### Instructions for the task
Reproduce exactly the line with "Brad and Marie" and every line that follows it below, up to and including the last one. Do not include pictures or anything else.

### Raw data
BEGIN

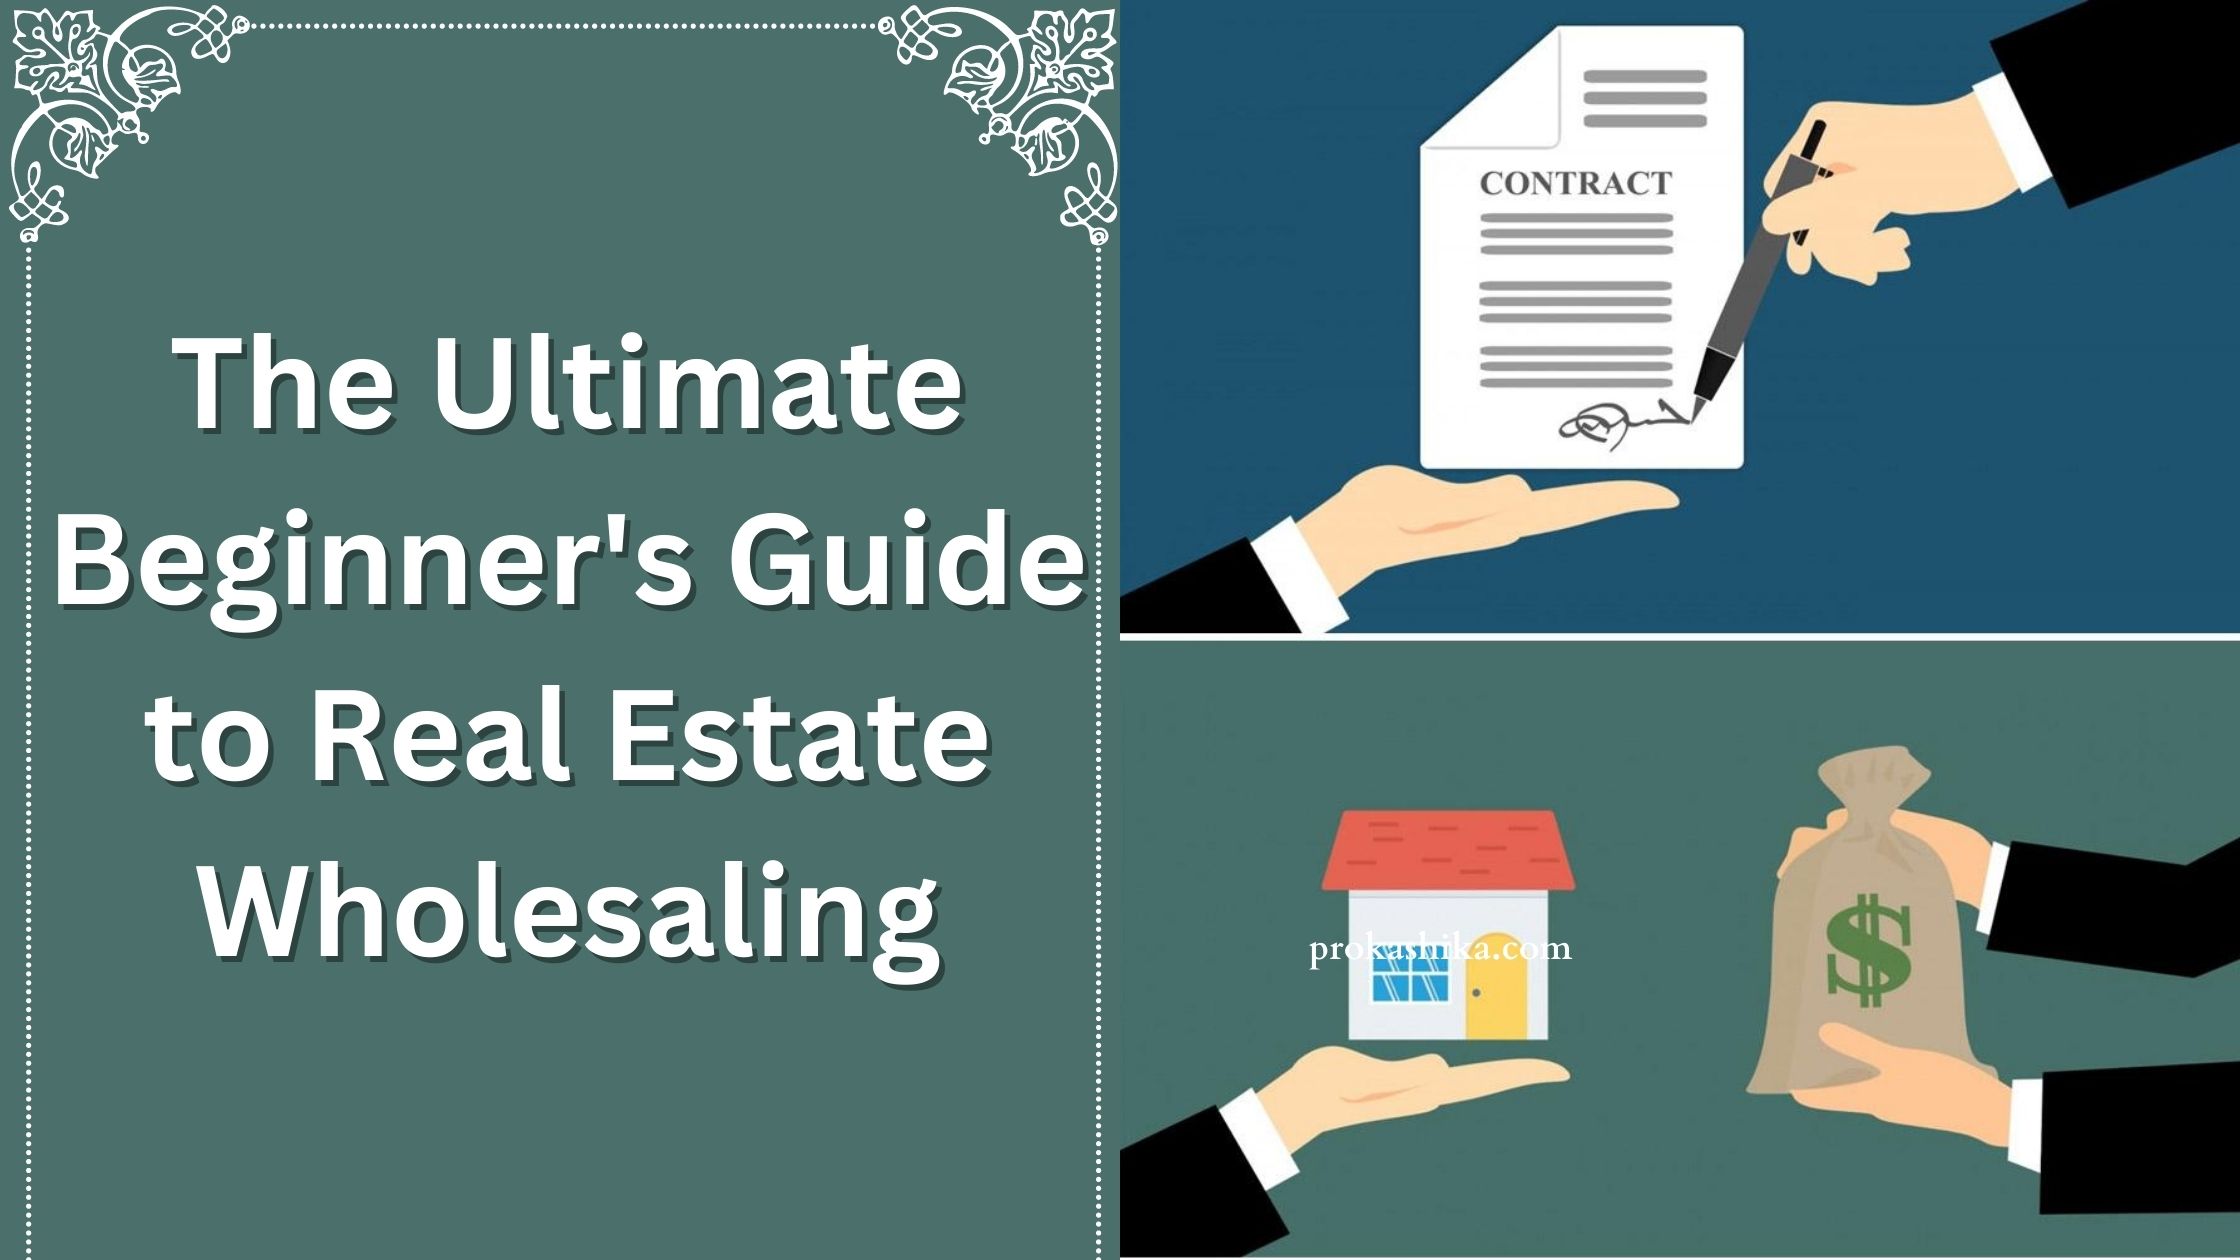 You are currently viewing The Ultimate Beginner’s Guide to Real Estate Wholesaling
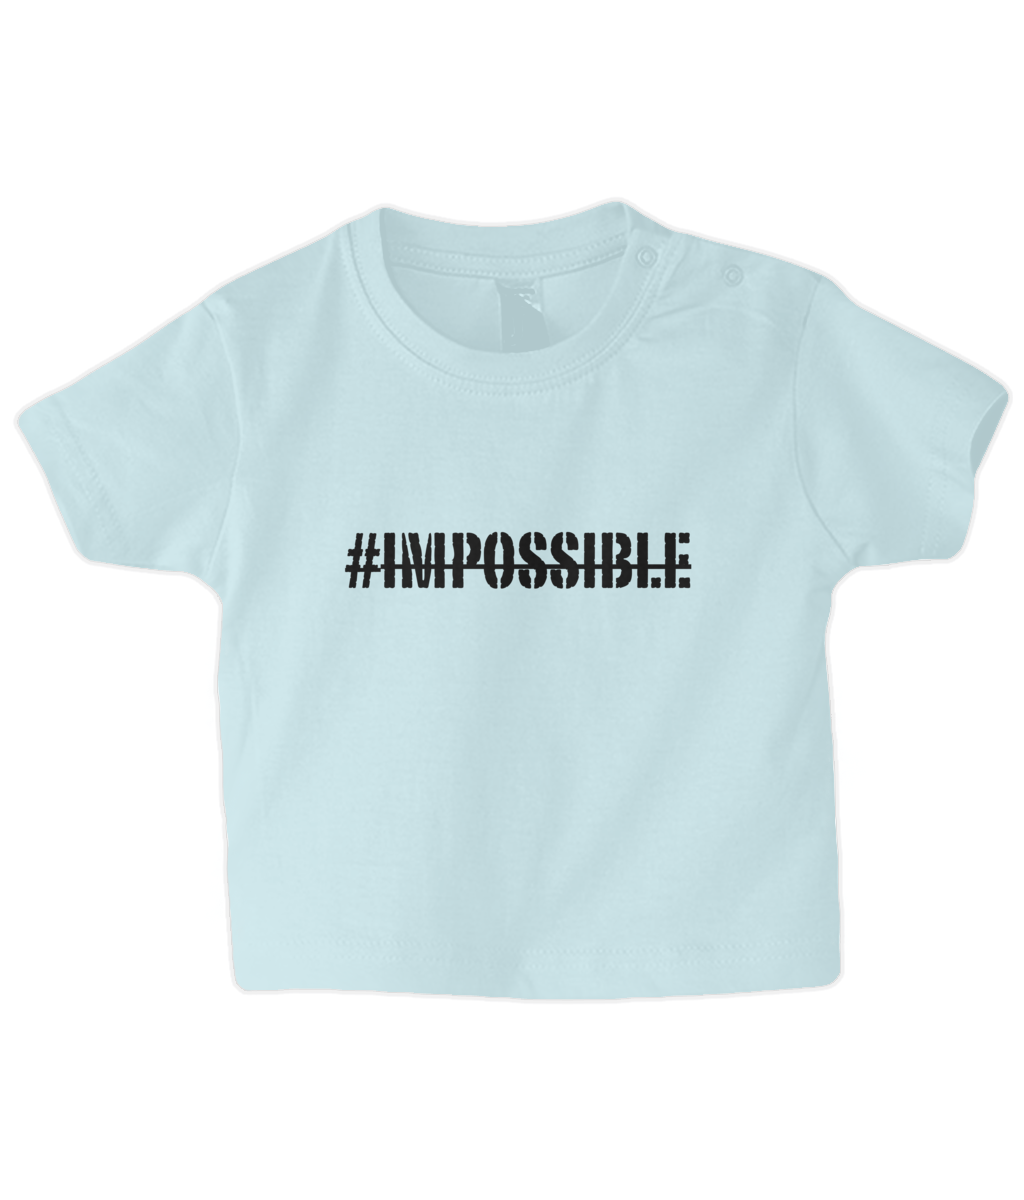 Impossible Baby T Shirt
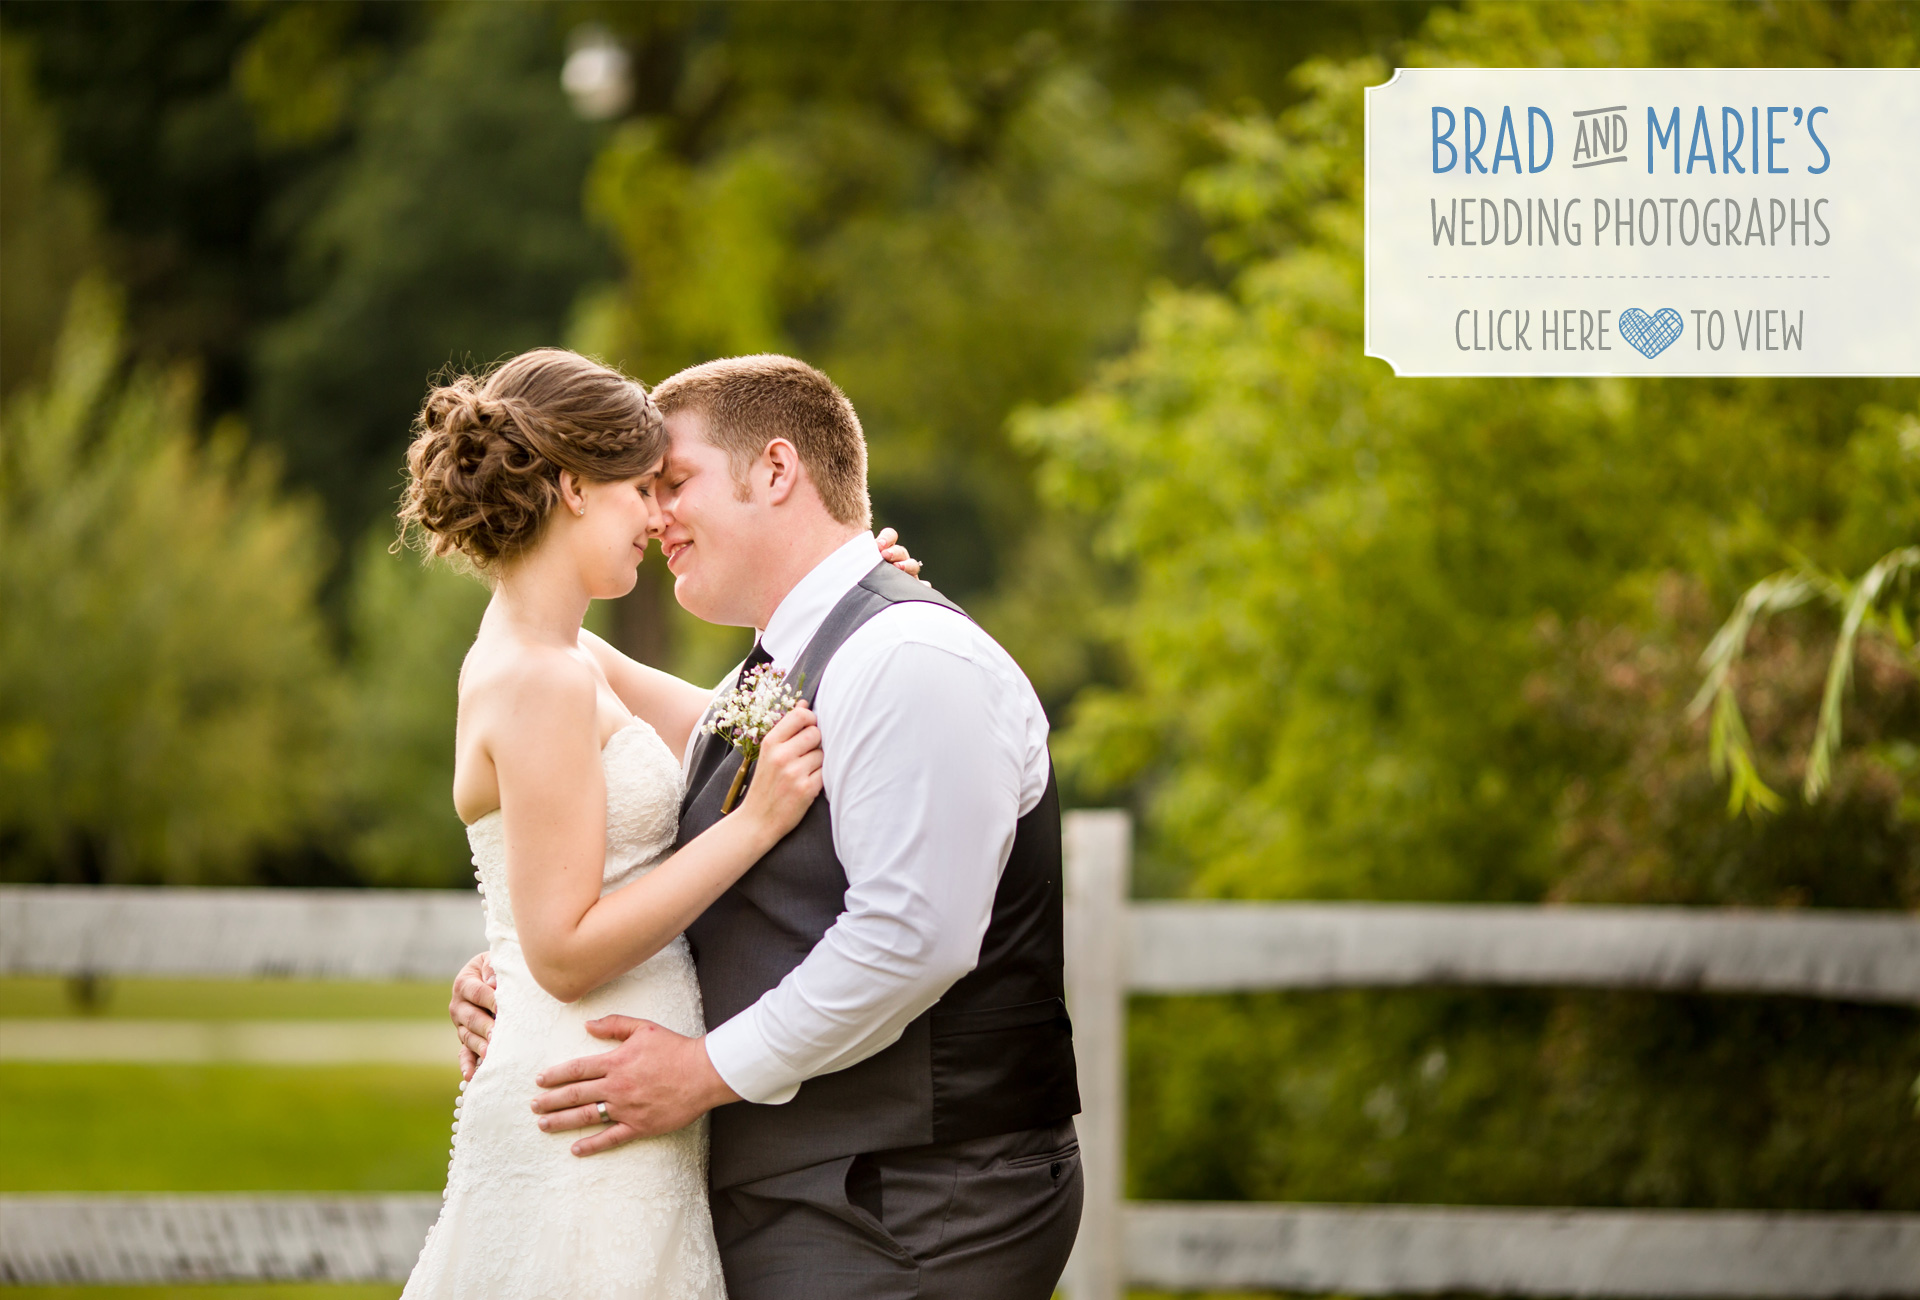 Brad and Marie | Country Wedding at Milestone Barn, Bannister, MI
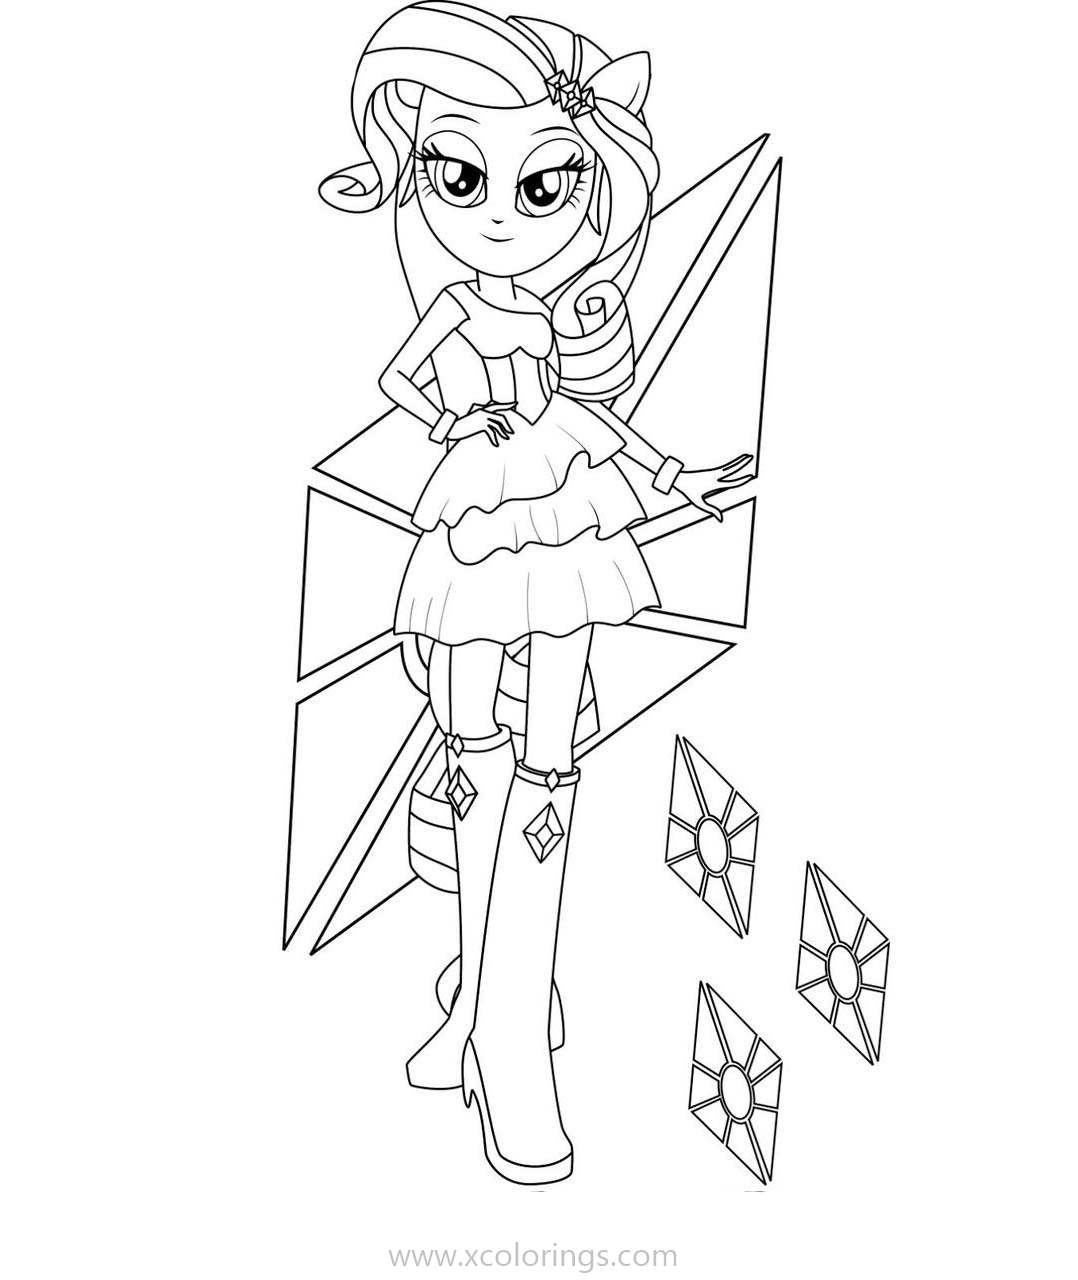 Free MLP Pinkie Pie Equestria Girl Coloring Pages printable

END

### Task solution
 Brad and Marie | Country Wedding at Milestone Barn, Bannister, MI
 Free MLP Pinkie Pie Equestria Girl Coloring Pages printable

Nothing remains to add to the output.